2.2 Email. We use your Individual Information to provide information about our company and products by email to you. We may maintain separate email lists for different purposes. If you wish to end your email subscription from a particular list, you need to follow the instructions at the end of each email message to unsubscribe from the particular list. We only send email to individuals who have agreed on the Website to receive email from us.

2.3 Storage of Your Individual Information. We store your Individual Information in a database on our computers. Our computers have security measures (such as a firewall) in place to protect against the loss, misuse, and alteration of Individual Information under our control. Notwithstanding such measures, we cannot guarantee that our security measures will prevent our computers from being illegally accessed, and your Individual Information on them stolen or altered.

2.4 Website Display. We use your Technology Information to ensure that content from the Website is presented in the most effective manner for you and for your computer.

2.5 Statistics. We anonymize your Individual Information in order to generate statistical data that, to the extent that anonymized data ceases to be personal data, we may use for a variety of purposes.

 

2.6 Compliance with legal obligation.
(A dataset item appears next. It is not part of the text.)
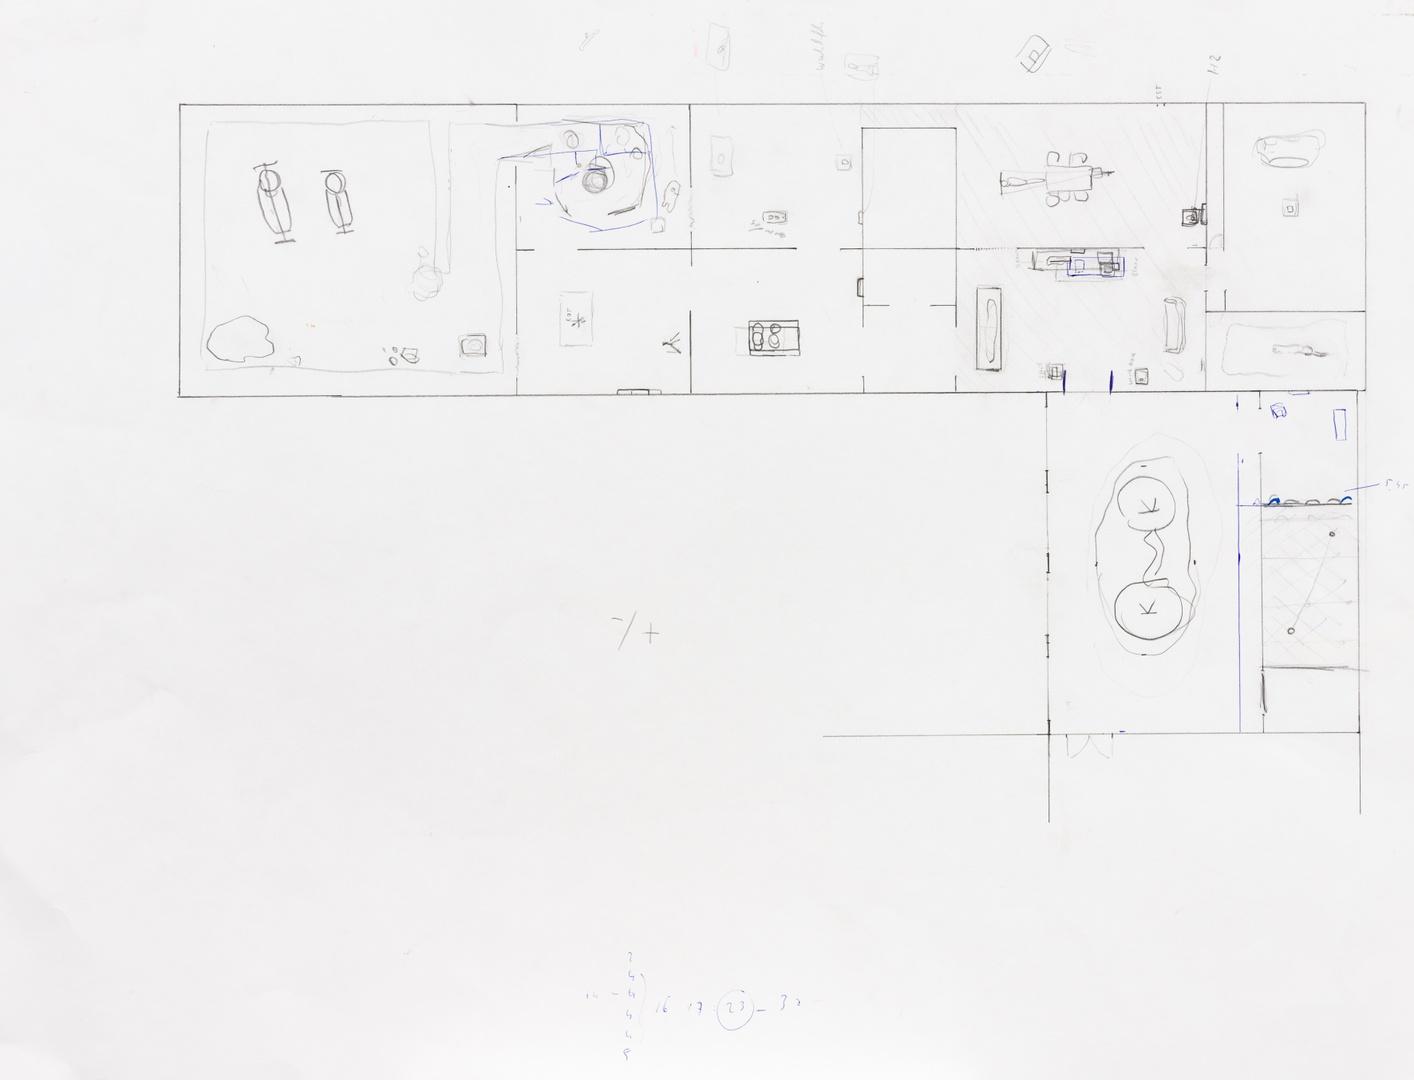 Plattegrond inrichting tentoonstelling Mark Manders

We may use your Individual Information to comply with our legal obligations.

3. Legal basis of our personal data processing activities under U.S., Canada, and European Data Privacy Laws

When European Data Privacy Laws apply and you are an individual in the EEA, the attached policy will govern Cybin IRL Limited Privacy Notice.

3.1 Legitimate interests. We are permitted to process your personal data if it is based on our ‘legitimate interests’ i.e. we have good, sensible, practical reasons for processing your personal data which is in our interests. To do so, we have considered the impact on your interests and rights, and have placed appropriate safeguards to ensure that the intrusion on your privacy is reduced as much as possible.

3.2 Legal obligation. We are also permitted to process your personal data every time it is necessary for the purposes of complying with applicable regulatory, accounting and financial rules, health and safety and to make mandatory disclosures to government bodies and law enforcements.

4. Dissemination of Your Individual Information and categories of recipients of personal data.

‍4.1 Sale or Transfer to Third Parties. THE COMPANY MAY SELL OR TRANSFER YOUR INDIVIDUAL INFORMATION TO THIRD PARTIES FOR ANY LEGALLY PERMISSIBLE PURPOSE IN OUR SOLE DISCRETION TO THE EXTENT PERMITTED BY LAW.

4.2 Legal Process. We may disclose your Individual Information to respond to subpoenas, court orders, and other legal processes.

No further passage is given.